The husband of the key witness in the domestic violence case against Ross Mirkarimi has alleged that the sheriff and his wife repeatedly encouraged them to destroy evidence supporting the case.
In a guest essay published Tuesday in the San Francisco Chronicle, Abraham Mertens alleged that Mirkarimi and his wife Eliana Lopez urged him and his wife Ivory Madison to destroy the videotape in which Madison documented the bruises the sheriff allegedly gave Lopez during a New Year’s Day incident.
Mertens said the couple and its legal team had spent the past two months trying to discredit his wife, the CEO of the online book retailer Red Room. Three days after Lopez came to the couple’s home for help and showed them bruises allegedly caused by Mirkarimi, he said Lopez “pressured” him to destroy evidence and lie to police.

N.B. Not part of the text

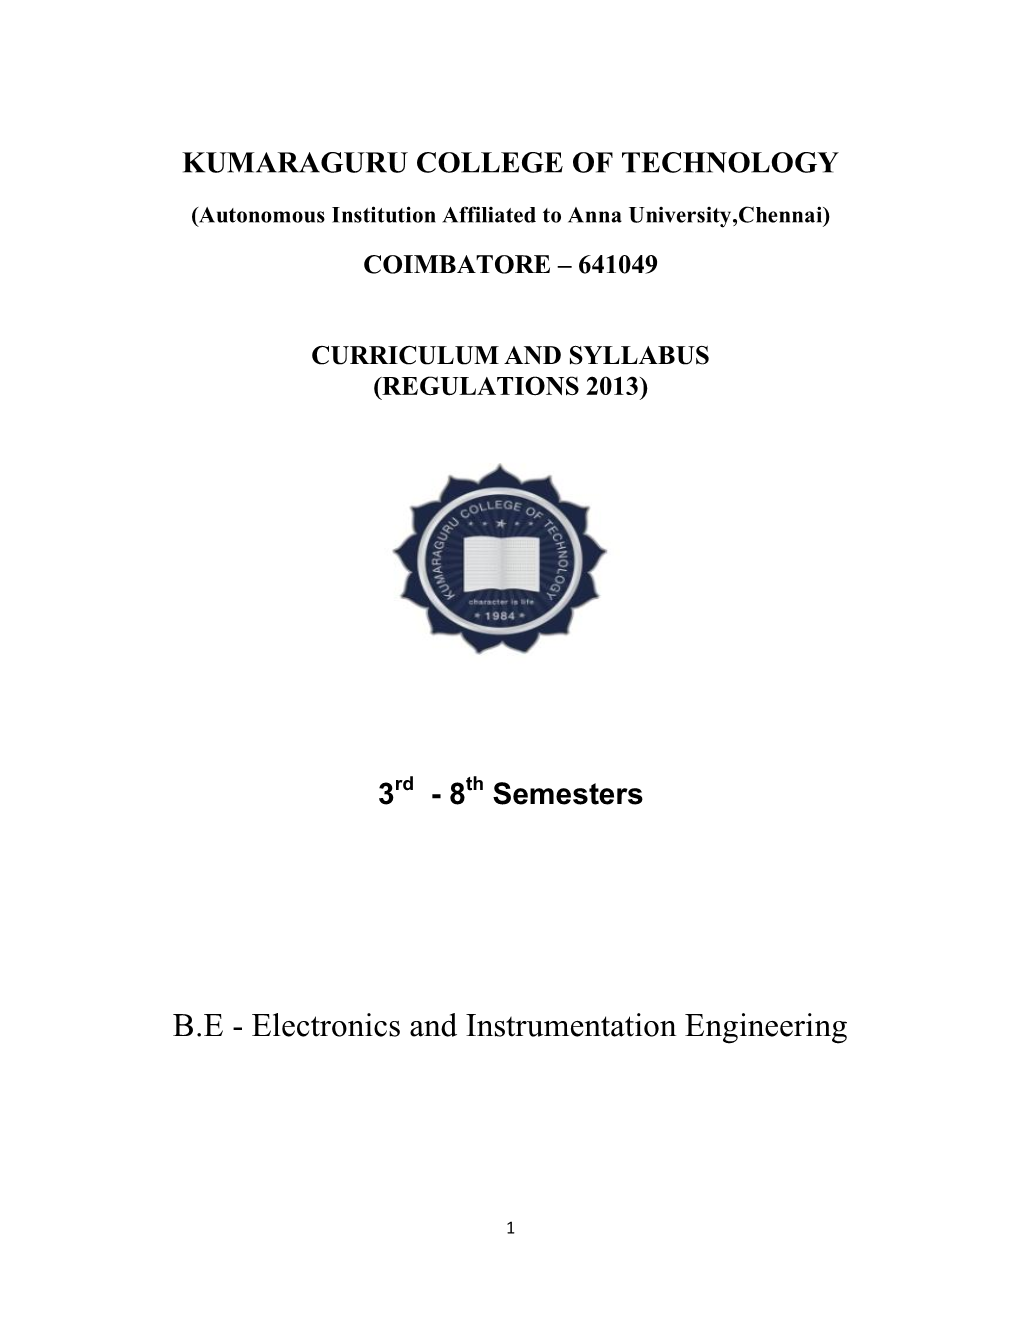 B.E Electronics & Instrumentation Engineering 3Rd to 8Th Semesters

During that phone call, Mertens said, it sounded as if Mirkarimi was in the background. Lopez also repeatedly called Madison and demanded that she destroy the videotape, her husband wrote.
“I’m an attorney, but even if I were not, I would not destroy evidence, obstruct justice or lie to the police, and neither would my wife,” he wrote. “Our criminal justice system can work only if most people follow the law and tell the truth to law enforcement.”
Lopez’s attorney, Paula Canny, denounced the allegations at a Tuesday press conference. She said Lopez denied all accusations of wrongdoing and illegal activity.
Mertens wrote that the efforts by Lopez and Mirkarimi to discredit his wife prompted him to hire his own counsel and send a cease and desist order asking Canny to retract arguments made in court that conversations between Lopez and Madison were subject to attorney-client privilege. Although Madison attended law school, she is not licensed to practice law.